On the other hand, there may be cases were that rule does not apply. For example, suppose we are implementing the Boolean OR
operation. If the first argument is TRUE
, then the result is also TRUE
regardless of the value of the second argument. In this case, we specify nulls = NullHandling.INTERNAL
.
As discussed in the code generation section, Drill will automatically inline our code. Drill needs to know how to find our input parameters and output value. We do that using annotations:
import org.apache.drill.exec.expr.annotations.Output;
import org.apache.drill.exec.expr.annotations.Param;
import org.apache.drill.exec.expr.holders.Float8Holder;
public class Log2Function implements DrillSimpleFunc {
@Param public Float8Holder x;
@Output public Float8Holder out;
The @Param
argument declares the parameters in the order they are passed to a function. (We'll see a more advanced example later.) The @Output parameter declares the return value (the output.) (See also the For Drill documentation.)
The fields must be one of Drill's "holder" types. Drill will work backward from the type of holder to the data type (and cardinality) of the input and output. For example, the use of Float8Holder
above tells Drill that our function accepts a non-nullable FLOAT8
argument, and returns the same type. A list of the data type/holder pairs is ((need link)).
The arguments in the example are declared as public
, but those in the Drill example default to protected. Which is right? As it turns out, either is fine: Drill never actually uses your compiled code. We have marked them public so we can more easily create unit tests.
Functions sometimes need temporary internal state. Aggregates need a place to store the running totals. Drill provides the @Workspace
annotation to indicate such fields. For example, in the log2
function, we might want to pre-compute part of the expression:
public class Log2Function implements DrillSimpleFunc {
@Workspace private double LOG_2;
A very common, and mysterious, mistake is to omit the @Workspace
annotation. If you do that, you will get a spectacular set of error messages in your log file, along with multiple copies of the generated source code. (See the troubleshooting section.) If you see that, verify that every field has one of the three annotations: @Param
, @Output
or @Workspace
.
Note also that it is common to declare constants for cases such as that shown above.

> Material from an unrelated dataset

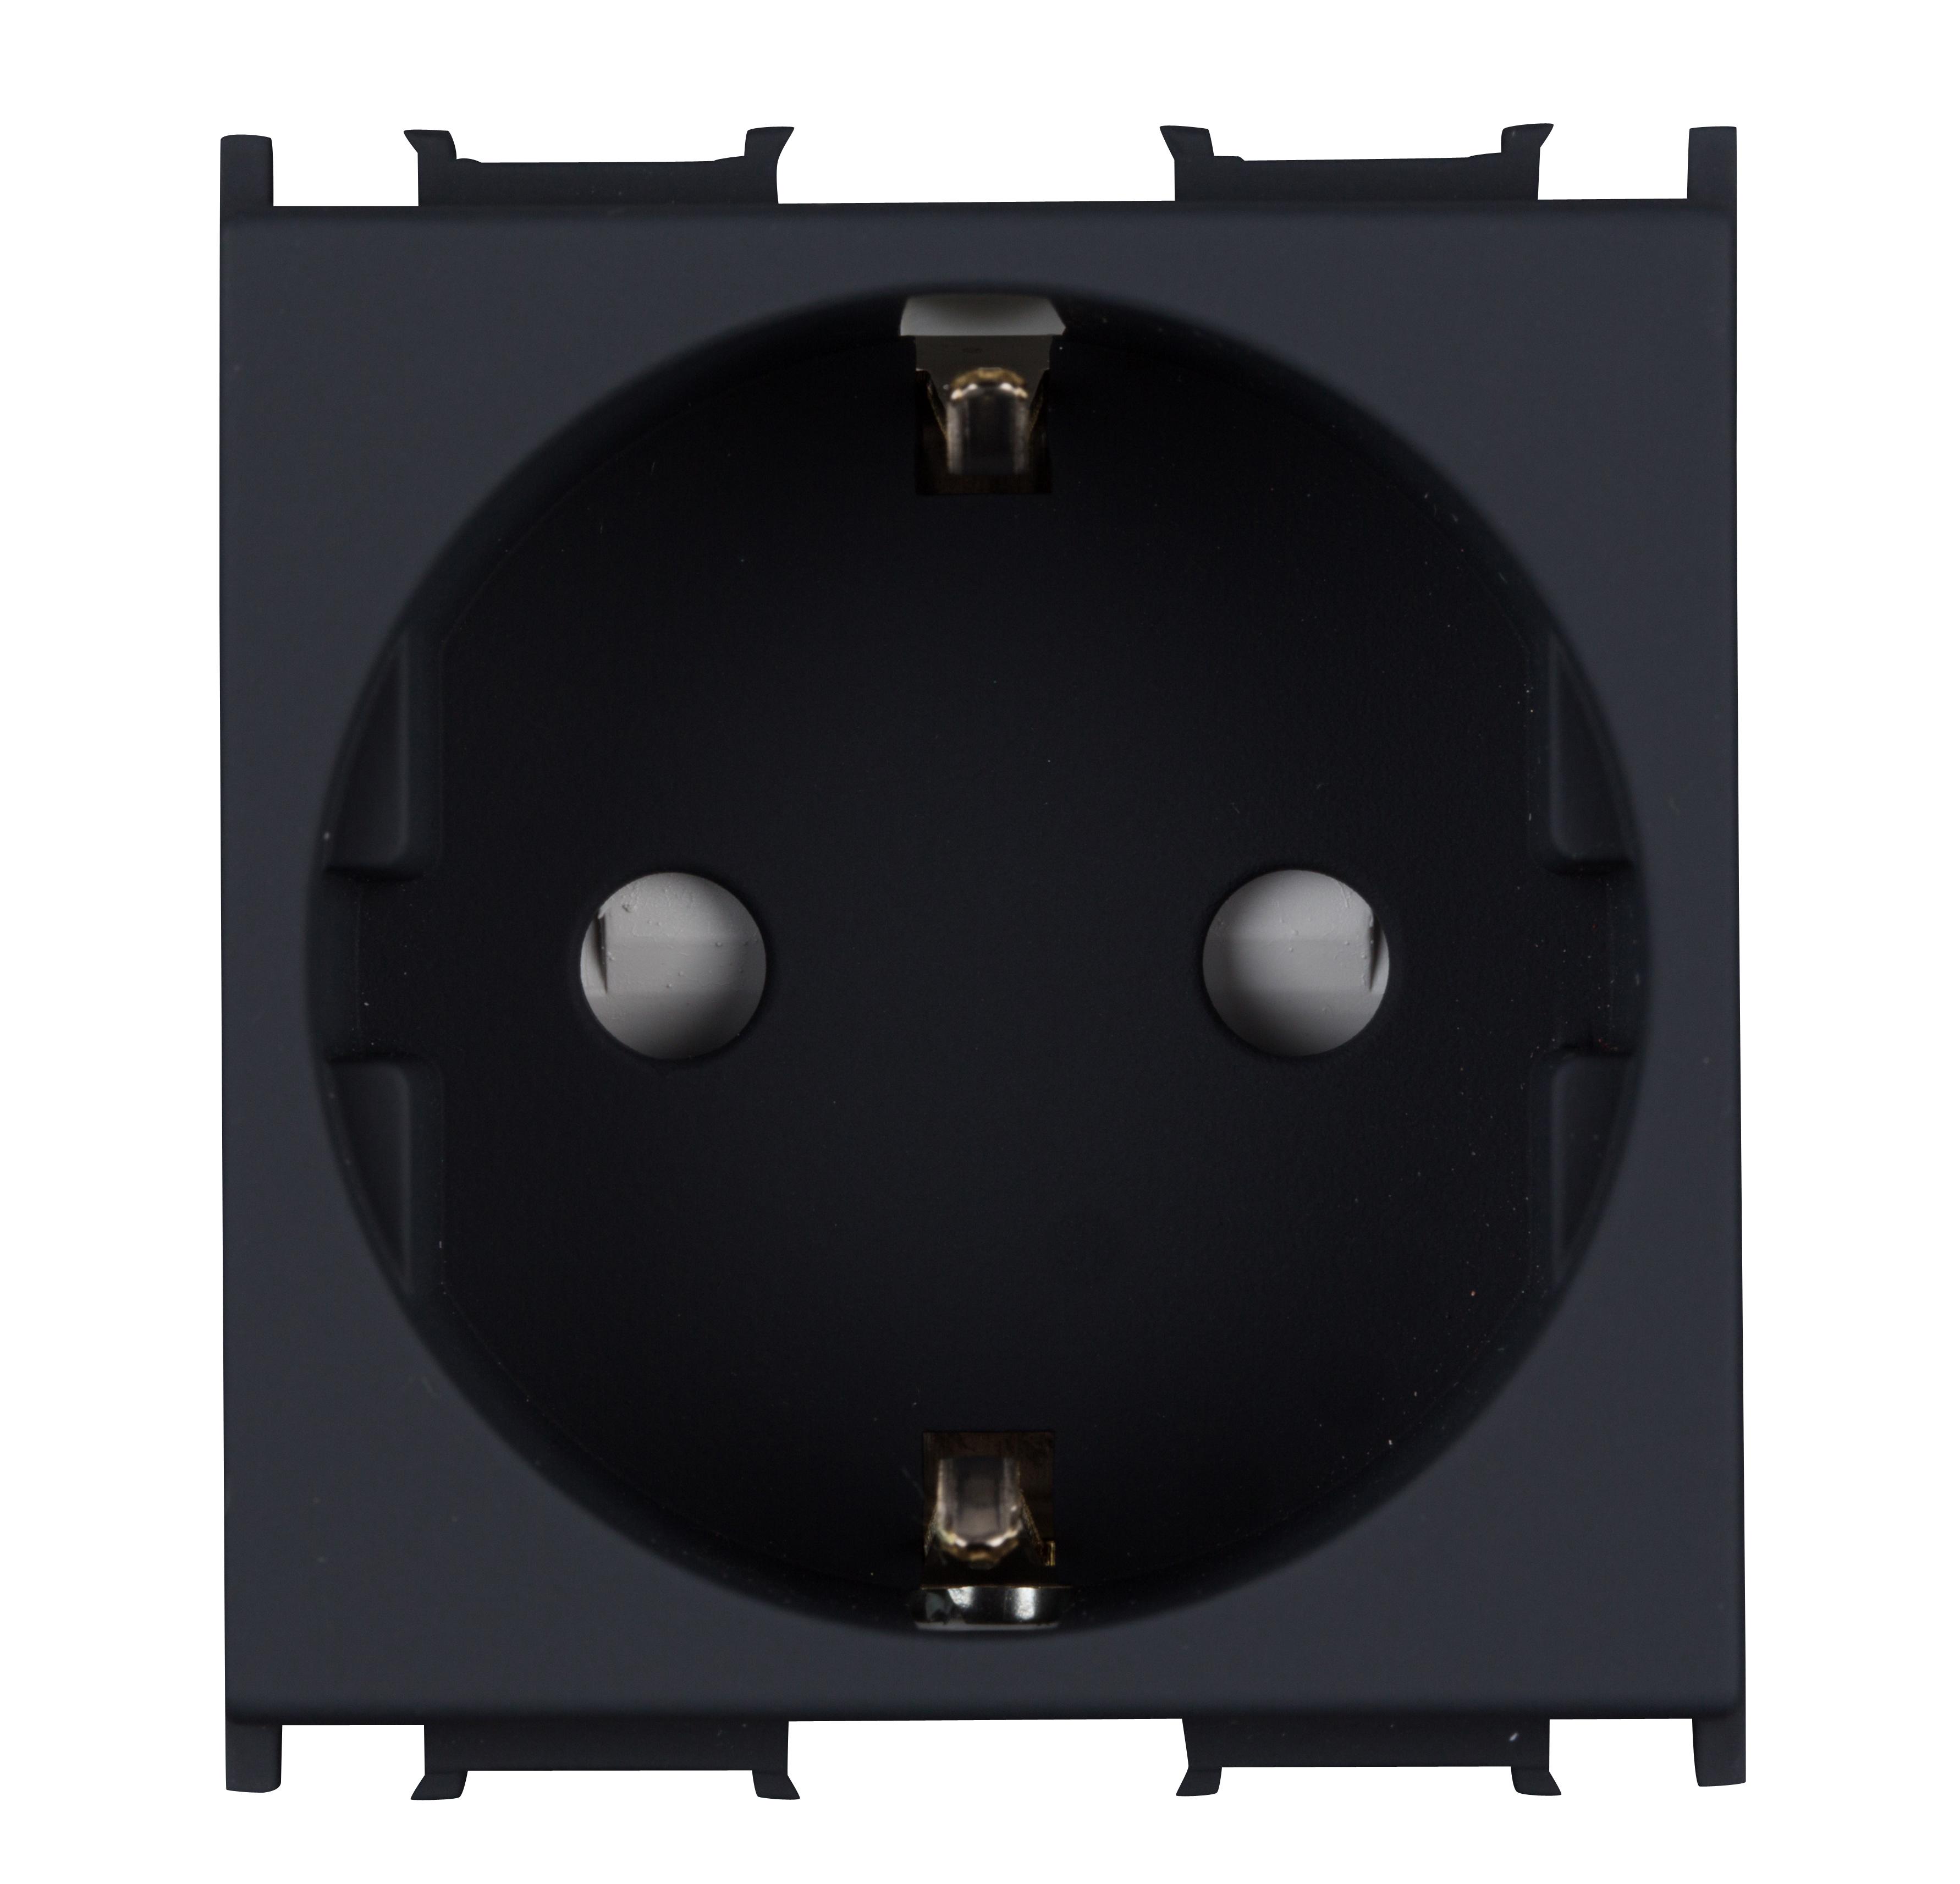 1 Stk Steckdose mit erhöhtem Berührungsschutz 16A, schwarz ET111001--

public class FunctionImpl {
// DO NOT do this!
private static final double LOG_2 = Math.log(2.0D);
public static final double log2(double x) {
return Math.log(x) / LOG_2;
}
}
But, constants do not work with UDFs. You won't get an error, but your constant will never be initialized, resulting in mysterious errors.
Drill implements each UDF as a class. How does Drill know which classes are UDFs? By using a Drill-defined annotation and implementing a Drill-defined interface. Following the documentation, let's explain this in the context of an example function that that fills a gap in Drill's math and trig functions: the sin
function:
import org.apache.drill.exec.expr.DrillSimpleFunc;
import org.apache.drill.exec.expr.annotations.FunctionTemplate;
import org.apache.drill.exec.expr.annotations.FunctionTemplate.FunctionScope;
import org.apache.drill.exec.expr.annotations.FunctionTemplate.NullHandling;
@FunctionTemplate(
name = "sin",
scope = FunctionScope.SIMPLE,
nulls = NullHandling.NULL_IF_NULL)
public static class SinFunction implements DrillSimpleFunc {
Here we immediately see a benefit of working with the Drill project: we can traverse to the source for these various items, including the annotation. Fortunately, the documentation for the FunctionTemplate
has some very helpful explanations.
For now, let's use the scope
and nulls
value above; we'll discuss them at length later.